Et hecco che advenio hora a narrare la romorosa Historia del Prencipe di Sangro, lo Duca Raimondo che at ferro et foco la Scientia di suo tempo mise, nec lascio' pietra insollevata in sua cerca del Vero, quantunque, secondo certuni, non sempre il Giusto, nec il Lecito a soppesar tenesse .

Giacesi tuttora, nel Cuore histesso di Parthenope, la renomata Cappella Sansevero; renomata, essa, tra color che sanno, et non certo tra il volgo nec le masse; che' par cosa incredibile, a primo cogito, che niuno cognosca detta Maraviglia, che est gemma fulgidissima et la piu' fulgida invero che scrigno nato di Megaride gelosamente serba; eppur lo Straniero che in nostre Lande perigliosamente avvii, quasi mai sa, et raramente havvi ventura di trovare chi d' essa l' indichi.

Che' il volgo stesso di nostra decaduta Razza, che pur tremo' un tempo al solo sentir del Prence, oggi beato l' ignora, e ne' piu' di Sua Fiamma, ne' di Sua Ombra, pensier si da', et la notte haffronta senza timor, ne' reverenza, di tanta perduta grandezza.

Pur cosi', bastante in certi giuorni la folla di Persone a empire il loco si rivela, che' simile a folgore che di Saggio in Saggio saetti, ignara del bruto terren et pensierosa delle cime elette solo, si avventa da secoli la Notizia del Prencipe, et sempre porta genti di acuto pensier et di profondo senso, a render homaggio al loco che solo ci rimane dell' Homo mirabile et, forse, del Fattucchiero tremendo.

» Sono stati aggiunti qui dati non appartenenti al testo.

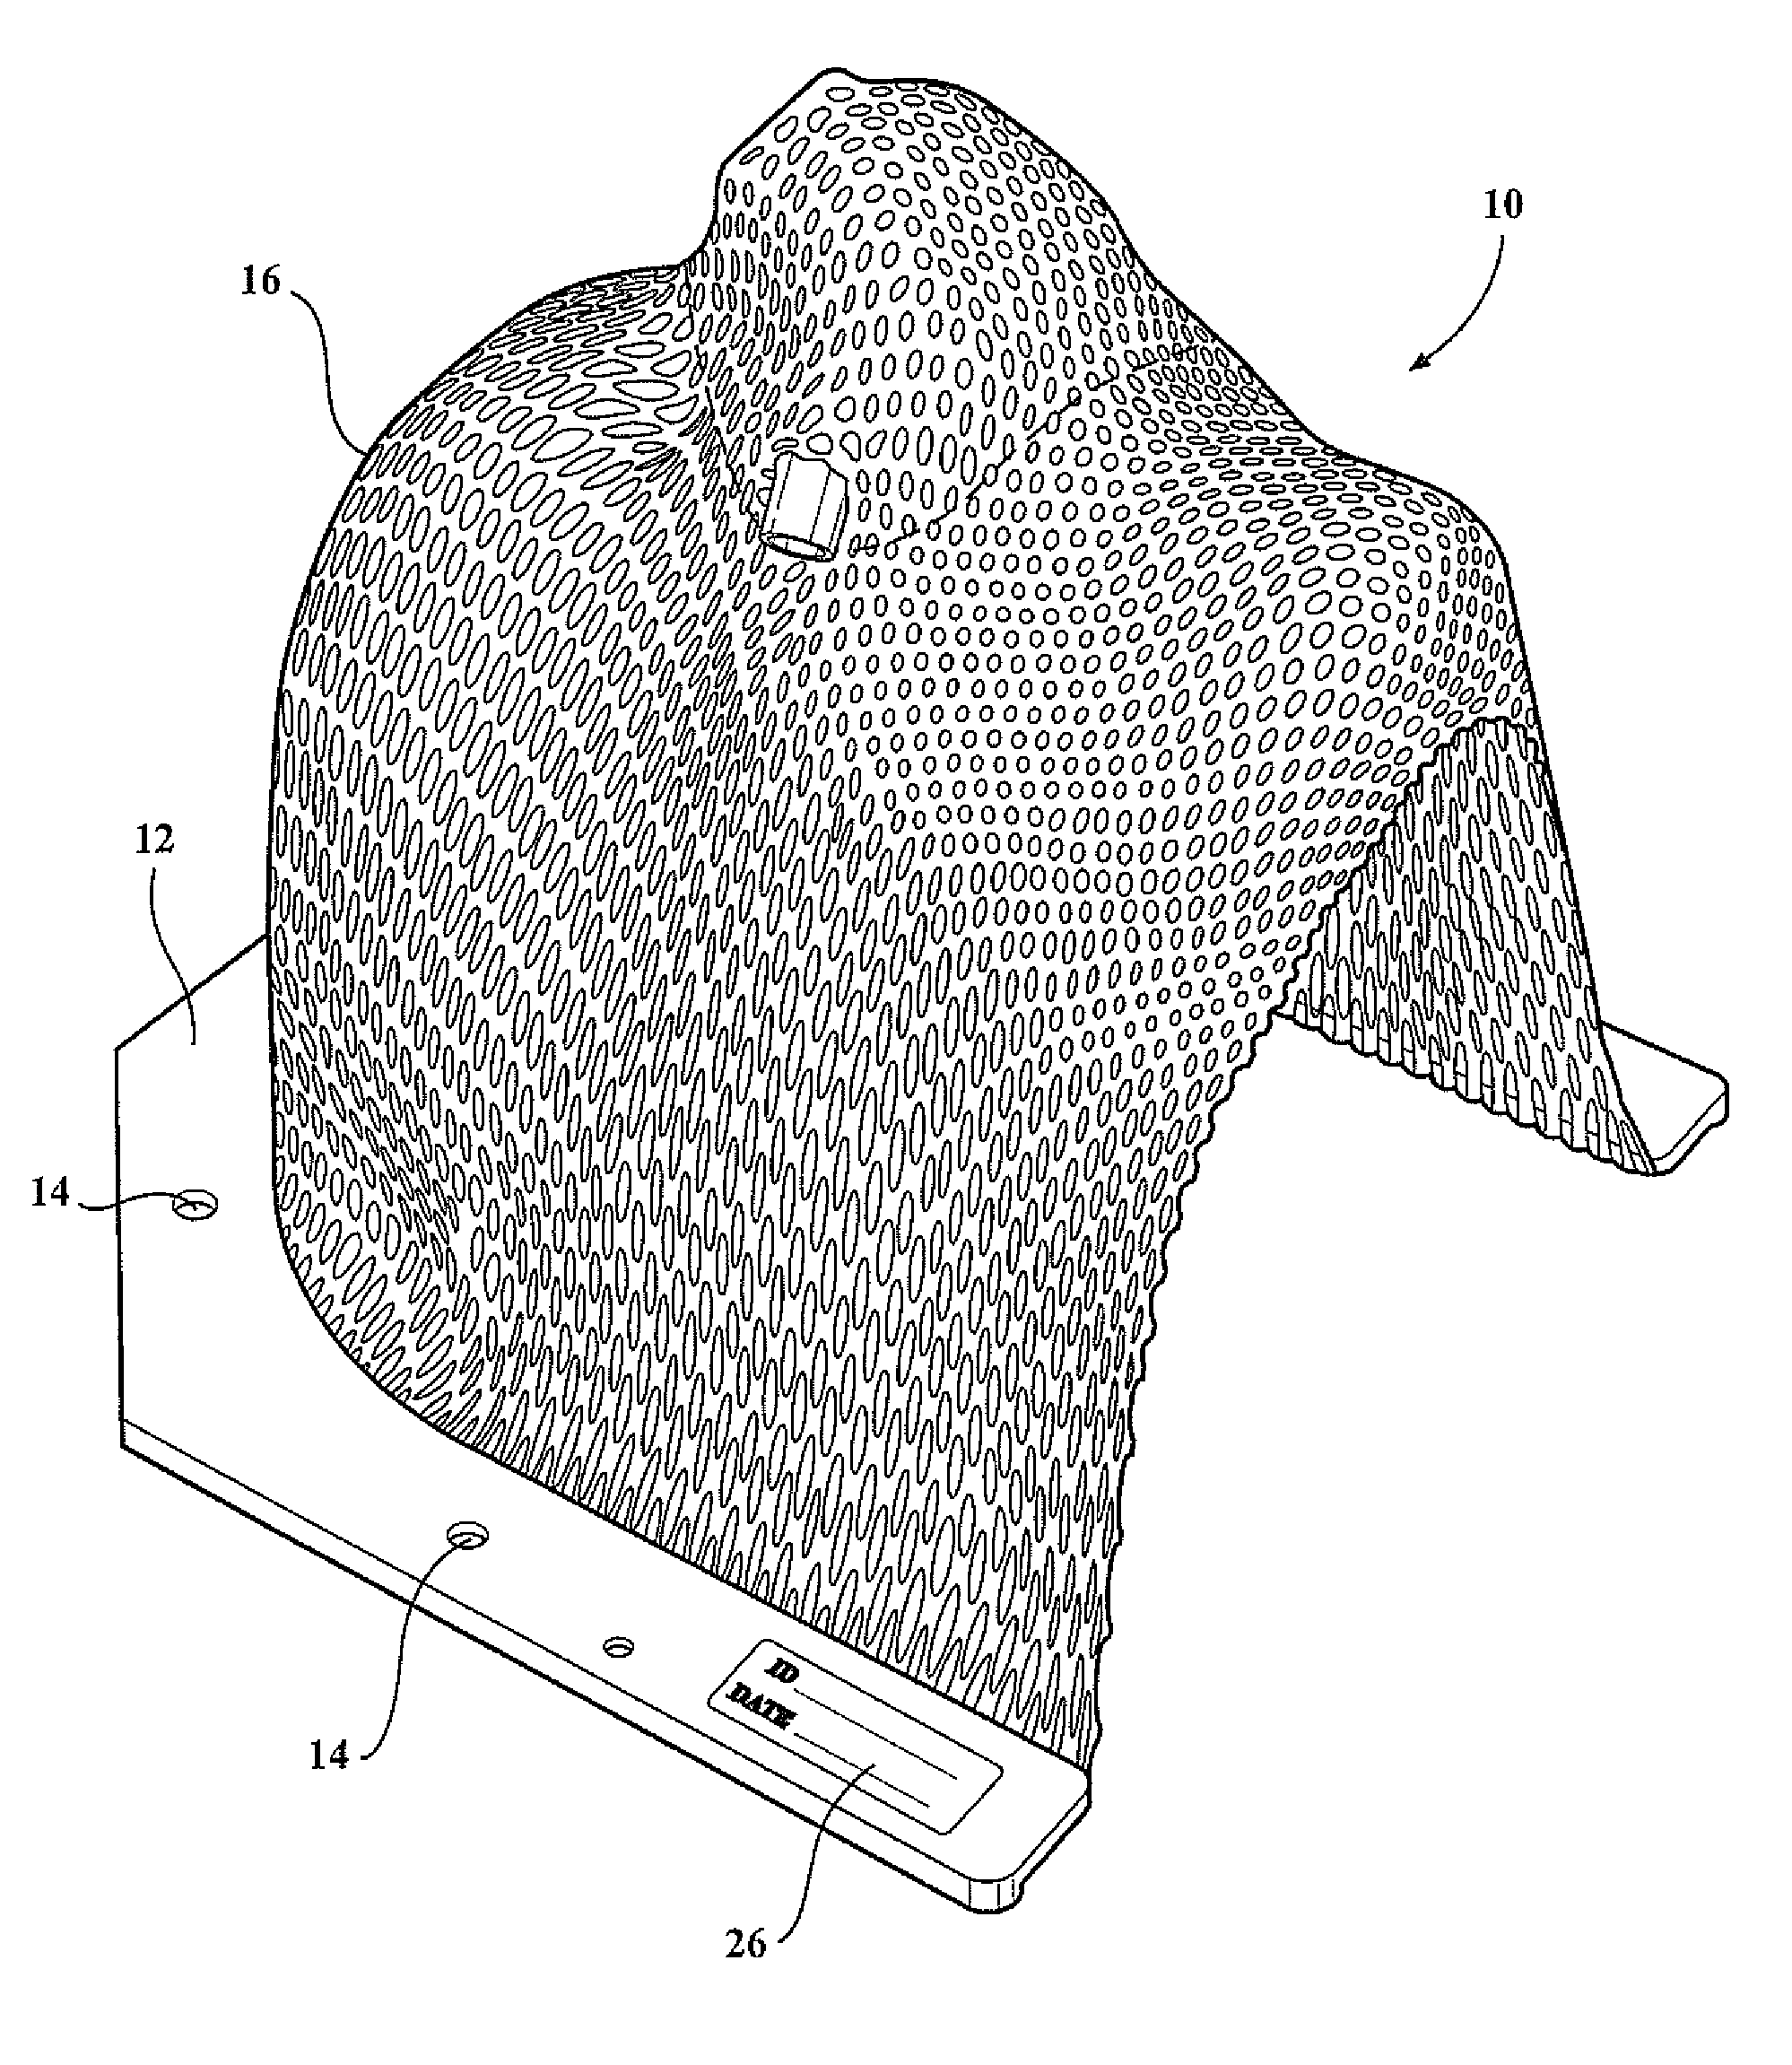 Head immobilization device with inhaler, method for making same and method of using same

Che' perduto est il Laboratorio, decaduto il Palazzo (antro oggi, horribile a dirsi, di dubbi insegnamenti et eversive frequentazioni) ; ma la ruina che nell' alba del 23 Settembre di 1889 Anno Domini, per Voler di Nostro Signore trascinava al suolo le stanze piu' elette del Duca, per Pieta' commovente dell' Altissimo ne risparmio' nella Cappella il piu' bel canto, il Suo Testamento perenne.

Visse, il Duca, nel Secolo Decimosesto ; ei vi nacque, invero, che correva l' anno millessettecentodieci ; e vi mori', o di morir fe' mostra, sessantaetuno anni dopo.

Vivissima mente mostro' il Di Sangro, fin da giovinetto; et narrasi che suo primo Ritrovato, ancor quasi imberbe, fue un palco piegabile di squisito progetto, atto a sgomberar il campo d' una festa dopo del teatro, perche' si corressero le Ronde de' Cavalieri; et che in questo humiliasse le piu' squisite menti d' altri Ingegner del tempo, che dovettero piegarsi a supremazia di Sue Carrucole inimitabilmente disposte.

Finiti cum Laude gli Histudii presso i pii Padri Gesuiti in Roma, torno' nella bella Citta' che gli die' i natali, ove di subito posesi al servigio di quel gran Carlo Quinto, che inspiegabilmente la plebe per anni et anni nomar Terzo volle, finoacche', Ironia del Fato, ei veramente Carlo Terzo divenne, ma non piu' di Napoli, bensi' di Spagna, ove ascese a, se non maggiore, piu' esteso Regno per succession del Padre.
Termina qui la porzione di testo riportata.